О квантовой механике Планка и о принципе «неопределённости» Гейзенберга Эйнштейн как-то сказал: «Эта теория напоминает мне состряпанный из бессвязных обрывков мыслей набор бредовых идей исключительно умного параноика». Приблизительно такое же ощущение осталось у меня после увиденного действа на сцене МХТ.

Но я не Эйнштейн и поэтому квантовую механику не могу назвать «набором бредовых идей», хотя всевозможного бреда на сцене хватало. Но этот бред лично мне очень нравился. Он мне, действительно, напоминал знаменитый «принцип неопределённости».

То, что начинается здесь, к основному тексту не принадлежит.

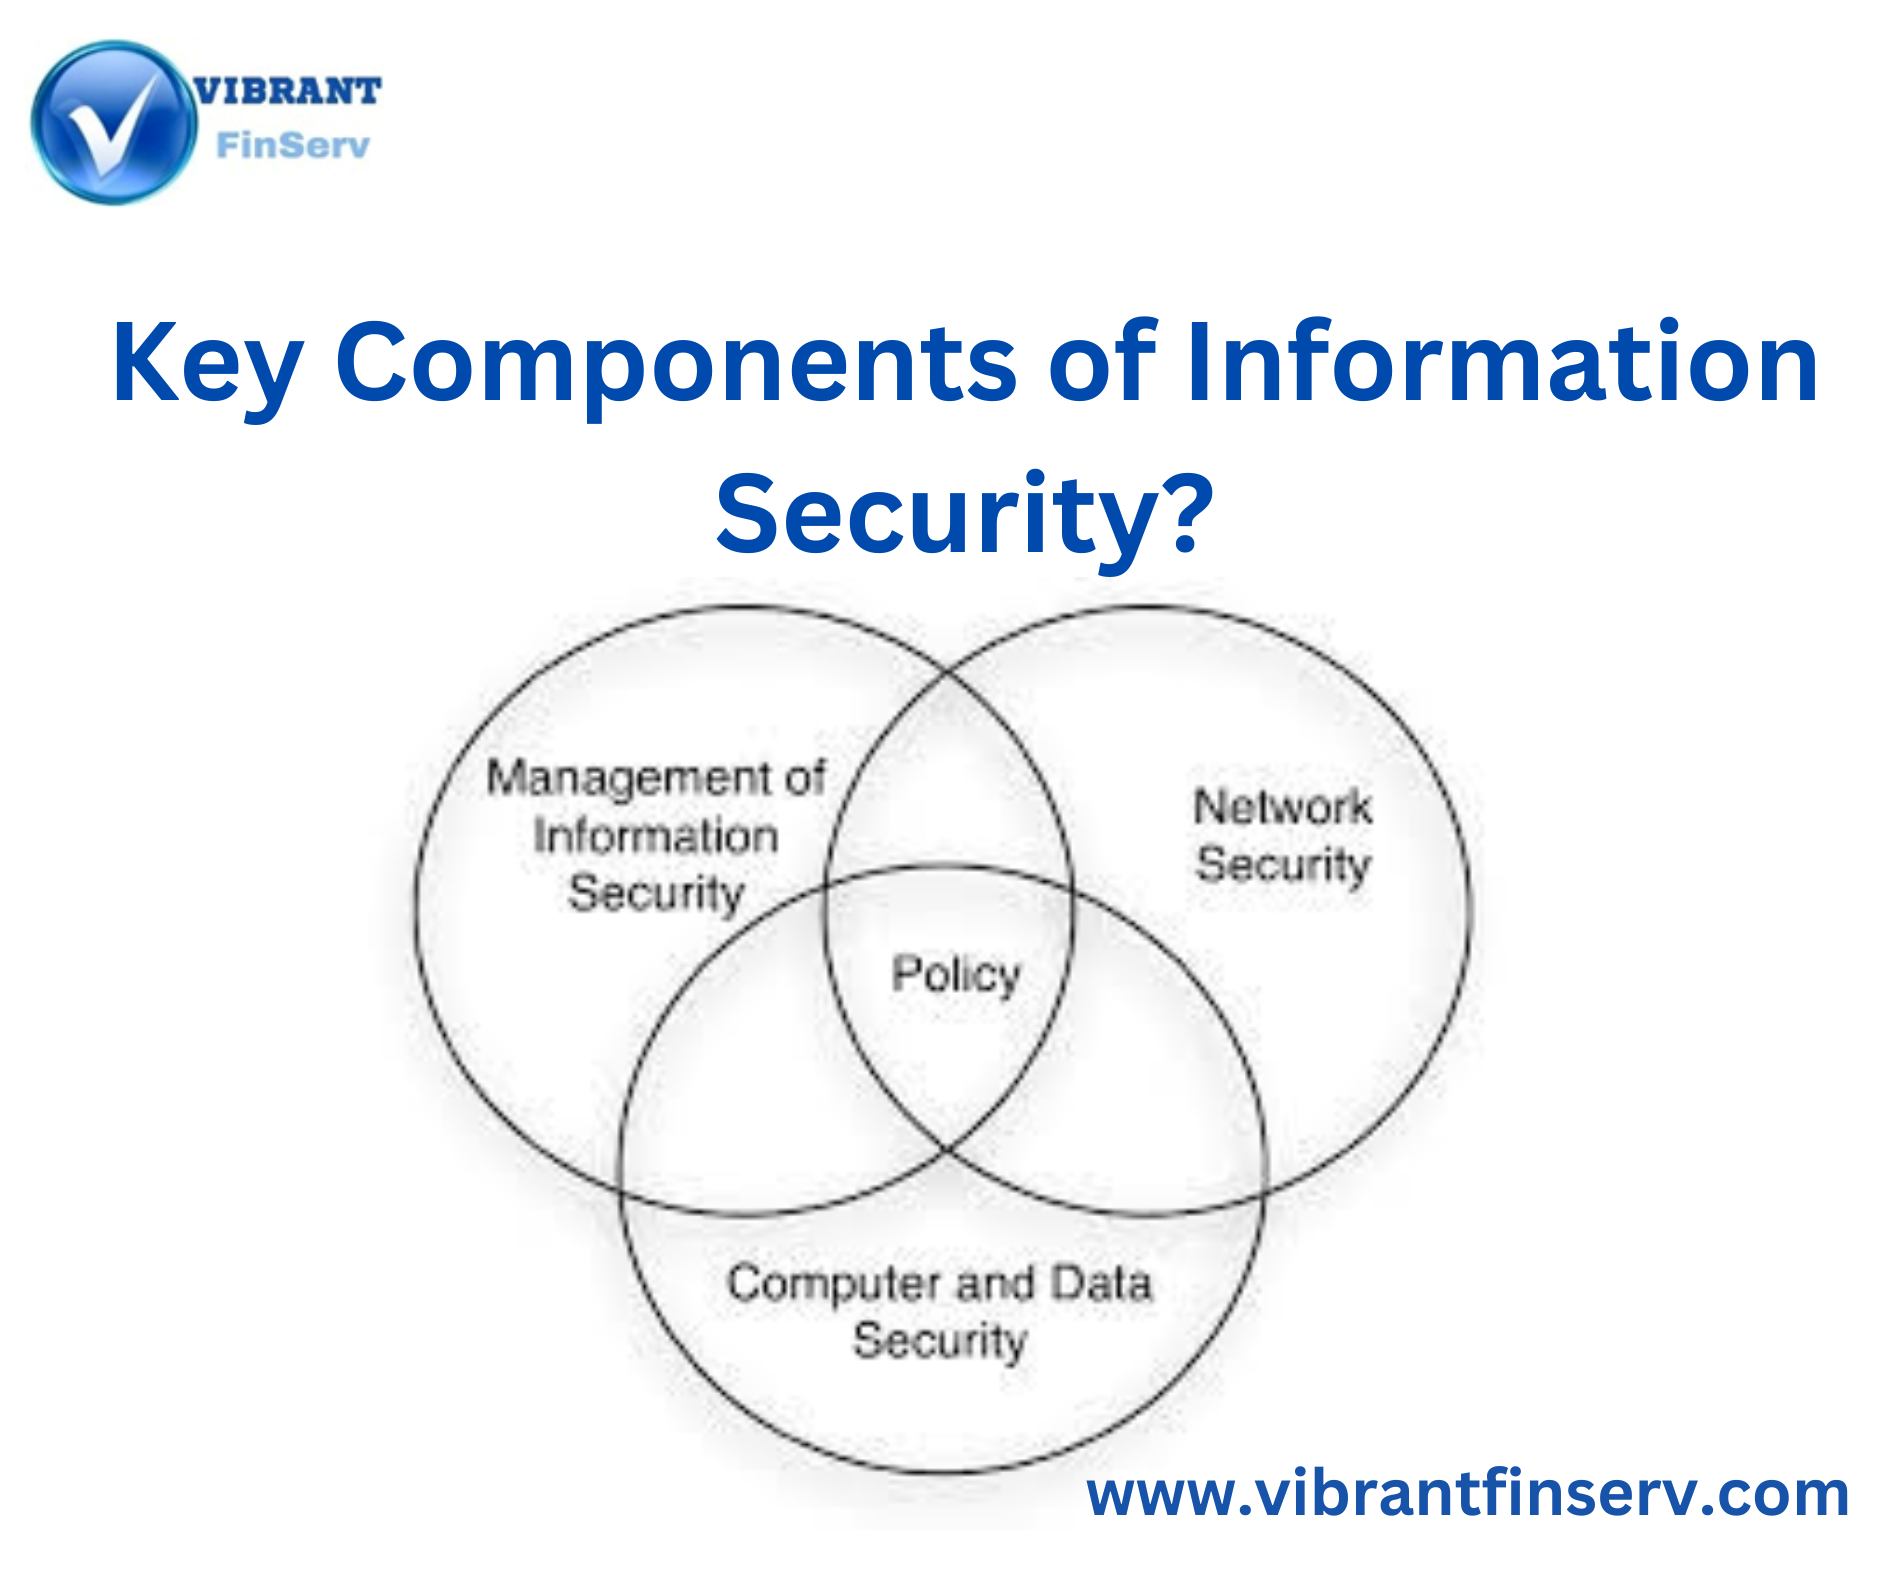 Key Components of Information Security

Многие выдающиеся учёные и философы всё ещё пытаются выяснить, какова природа реальности и какое её описание должно считаться осмысленным. Традиционная логика для этого понимания не подходит. Уже к началу 20-х годов прошлого столетия стало окончательно ясно, что достижения квантовой физики построены на зыбком фундаменте и не структурированы логически. В школе до сих пор рассказывают, что атом похож на миниатюрную Солнечную систему, в которой электрон вращается по орбите вокруг ядра. Эта модель атома была забыта. Согласно новой теории, зримого образа атома просто не существует.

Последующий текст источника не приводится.